What aspect of the film do you think works best and is there anything that you think could have been improved?
“After the second shoot we didn’t have the car stunt or even the final battle with the mummy and we knew that many other scenes were incomplete or would have to be re-shot for quality reasons, so Pal and I had to log all 50+ hours to determine specifically what we had. I then re-wrote parts of the script to allow us to piece together as much as possible so that we could complete the film in one more shoot.

“That last shoot was more complicated than the previous two because we were filling in pieces of scenes that were shot over a year earlier. In a couple of cases shots in the same scene were filmed a year and a half apart. (In one scene the change in age and voice between shots of the Professor turned out rather jarring.)

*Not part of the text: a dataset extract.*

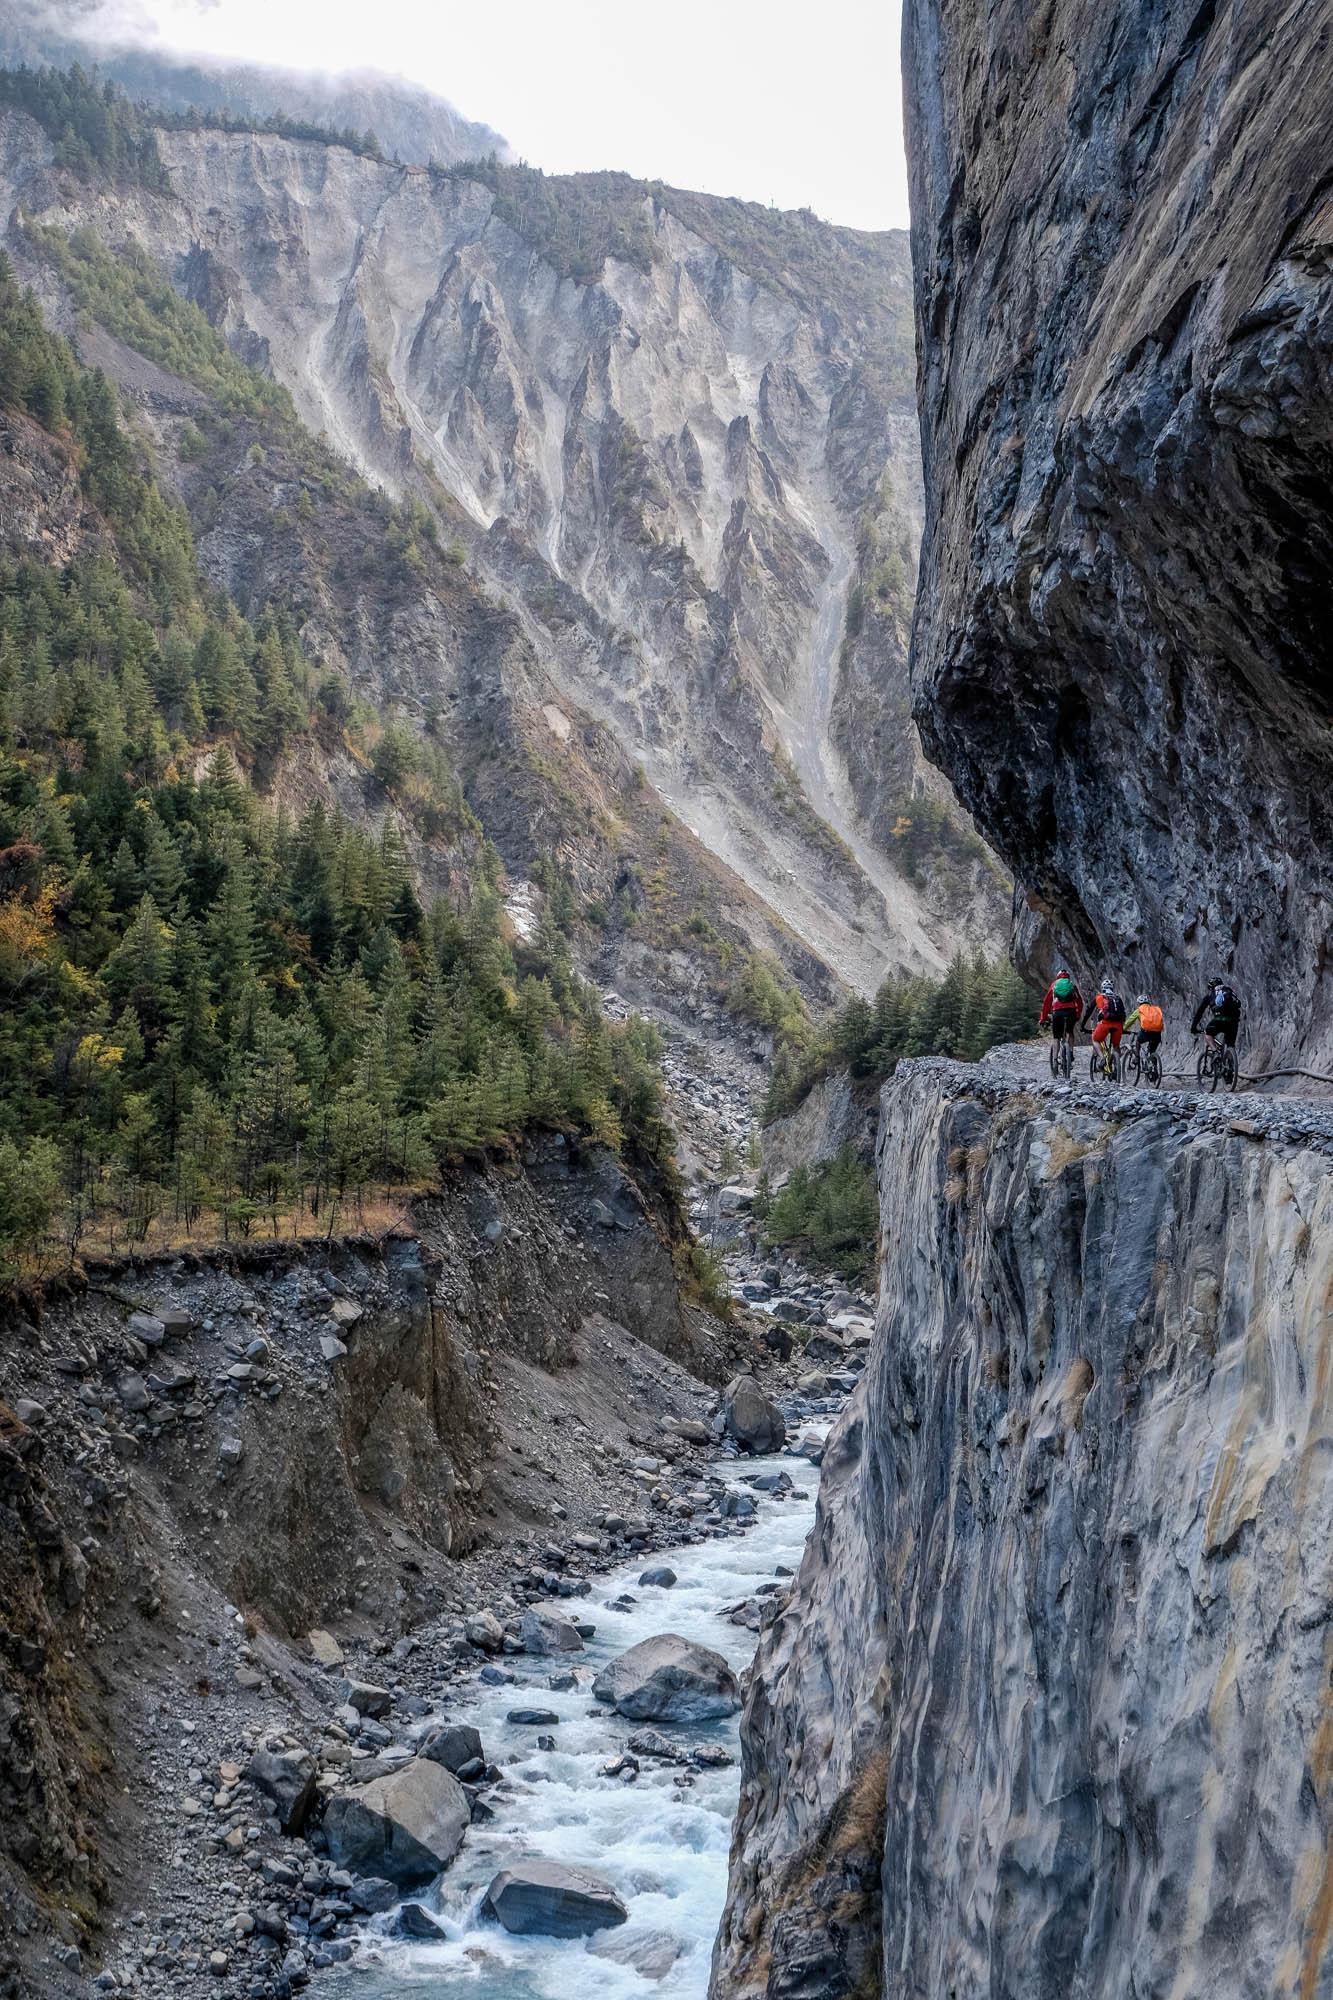 Vier Mountainbiker fahren auf einem Weg an einem senkrechten Abgrund

“Although it took an inordinate amount of time and effort (and money) to piece everything together, I think the final film captures what was originally intended: an alternative universe in which luchadores and resurrected Aztec mummies are as mundane as cops and robbers. Whatever small issues there are don’t really bother me because I view films like impressionist paintings: the focus should be on immersion into the world that’s depicted rather than on the details of the brush strokes.

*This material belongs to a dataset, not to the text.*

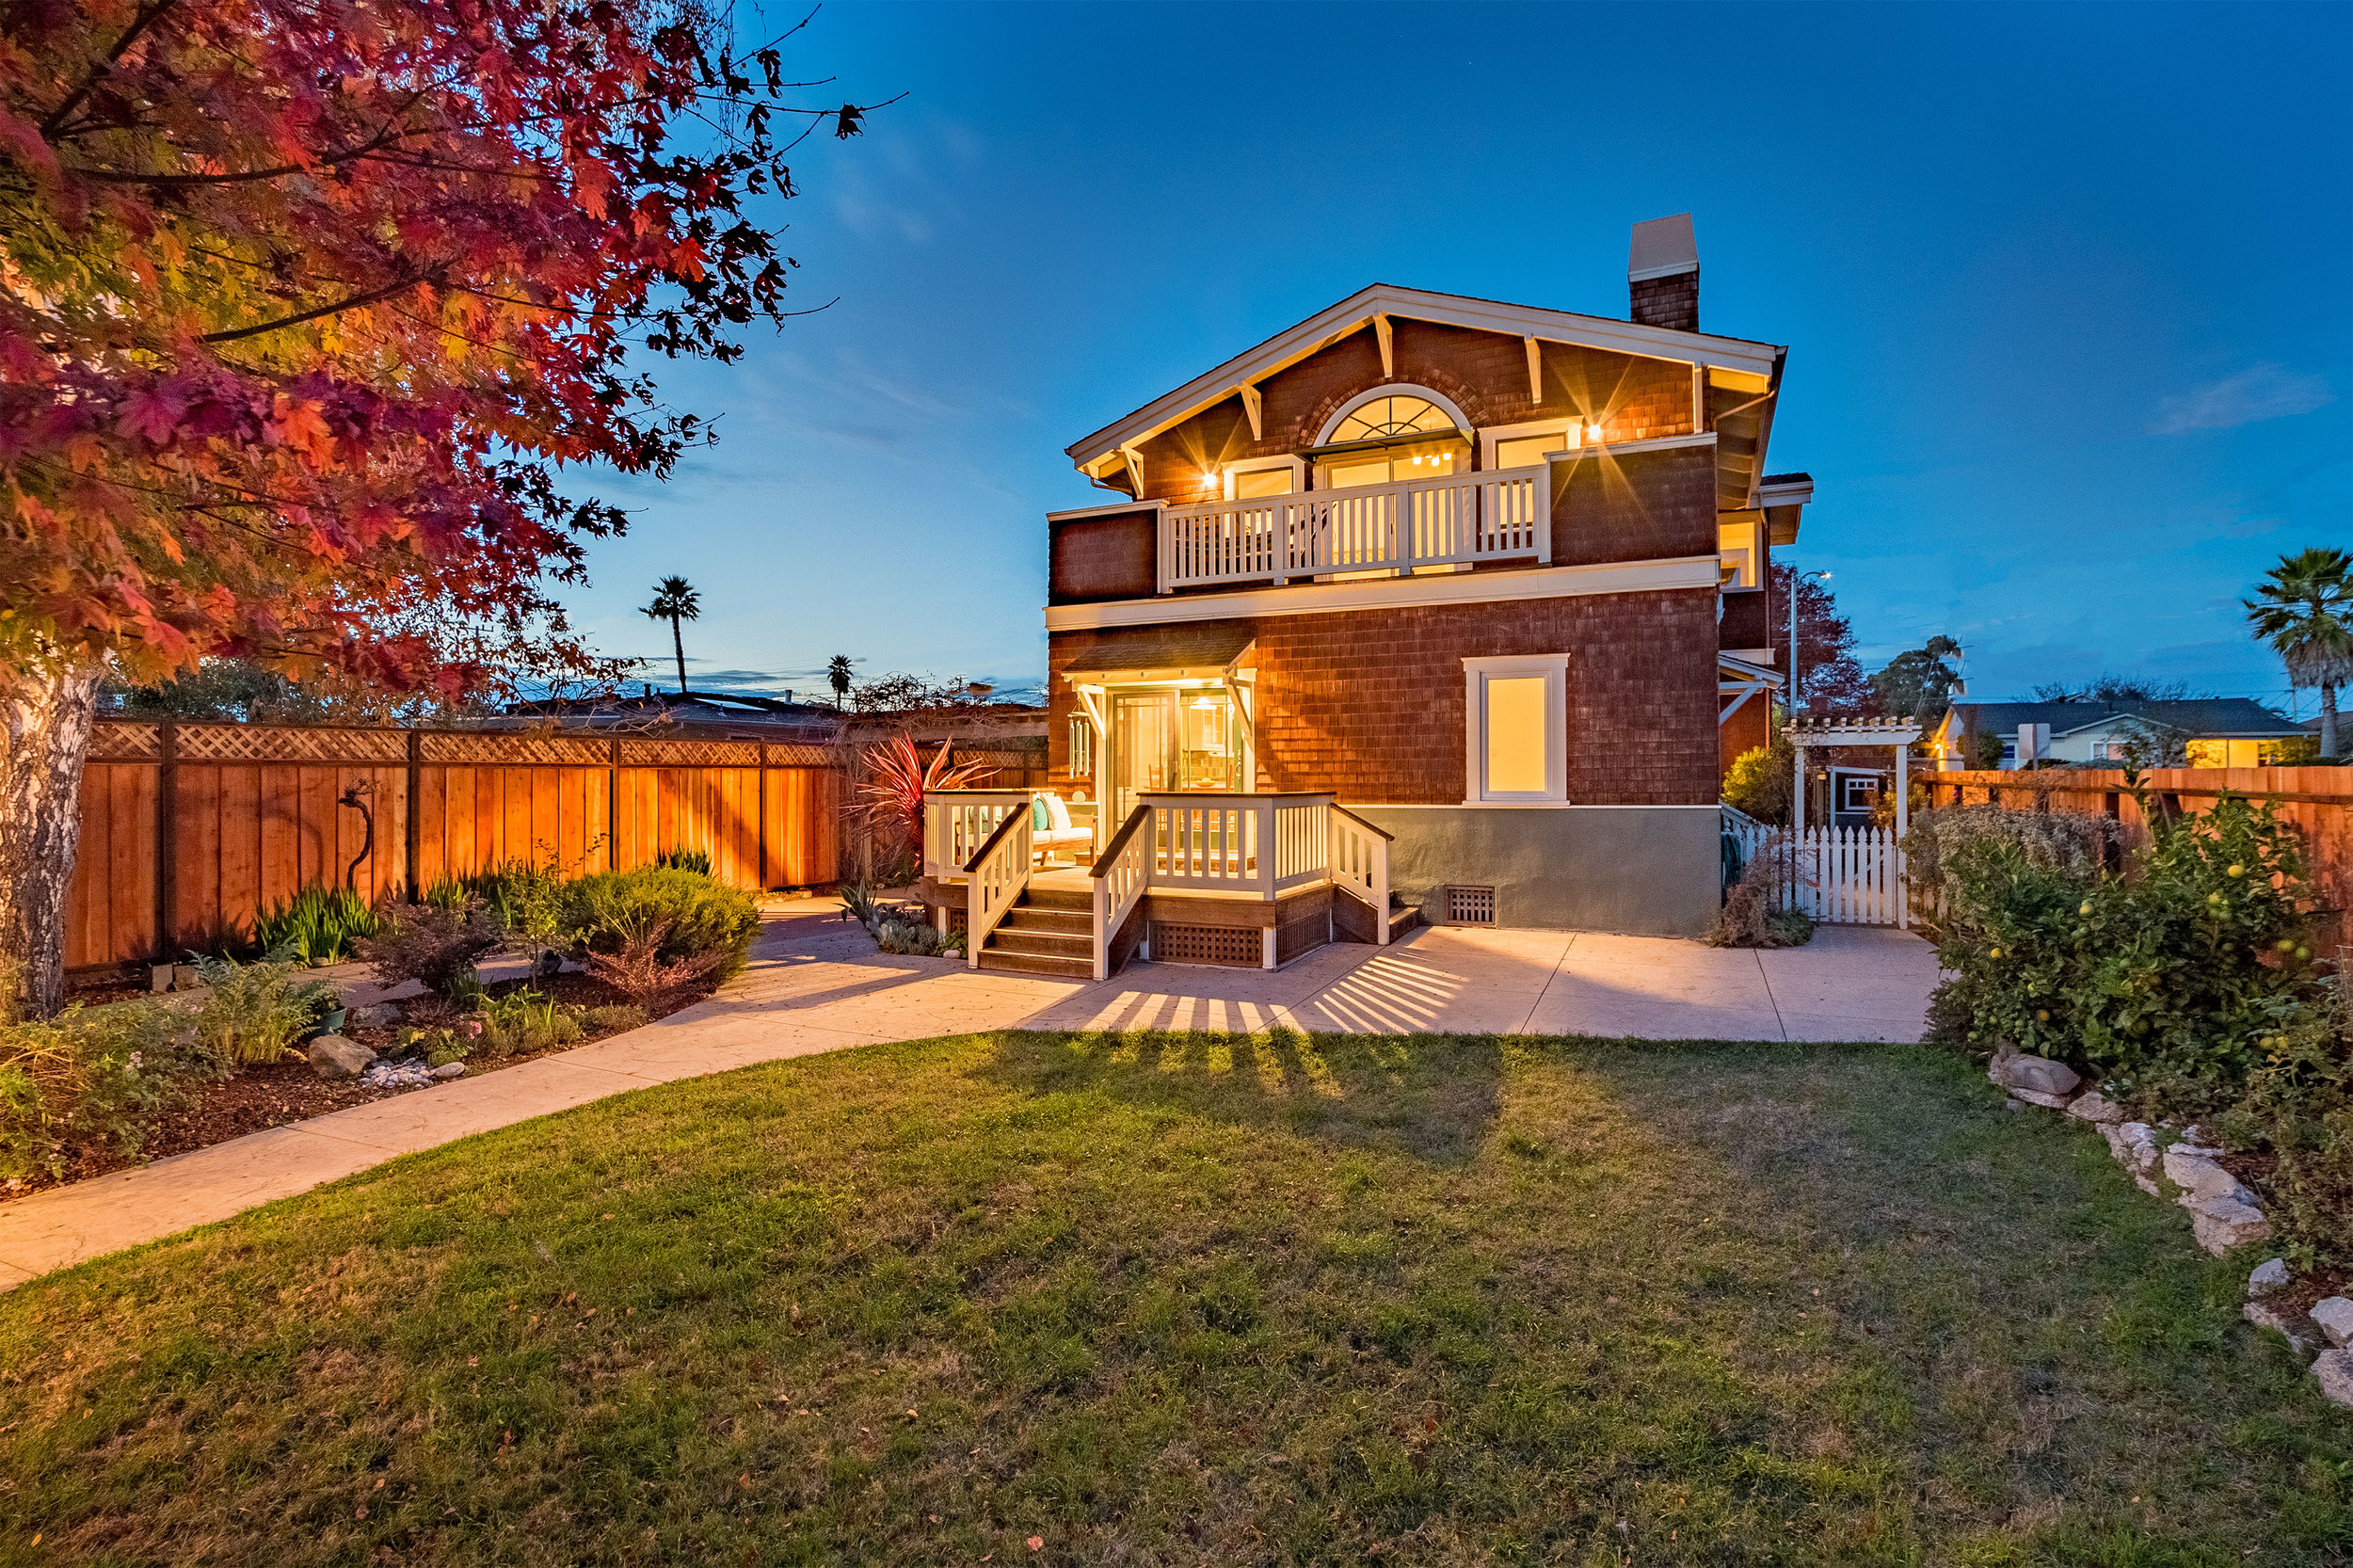 Patio and Grassy Area Santa Cruz Home

“However, if I had to point to something that could be improved it would have to be the scene in which the twins seduce Mil. We just didn’t have the coverage to make that work right, so we ended up piecing together a bunch of disparate elements to make something reasonably coherent.”

How has the film been received and what are the current plans for release?
“The film has played at film festivals around the world to enthusiastic audiences. The reviews have all been extremely positive (except, ironically, for a couple of local reviews in Missouri, where the film was produced). A Spanish review after the Cinema Fantastico festival in Estepona described it as the best lucha film ever made but audience feedback reveals a much broader appeal than what one might expect for a typical lucha film.

“As for distribution, we have had queries from many distributors around the world since 2004, including one very exciting opportunity with one of the majors, but the plan right now is to let the film complete the international festival circuit before making any commitments. I think the last of festivals will be in South America sometime in the spring or summer of 2009.”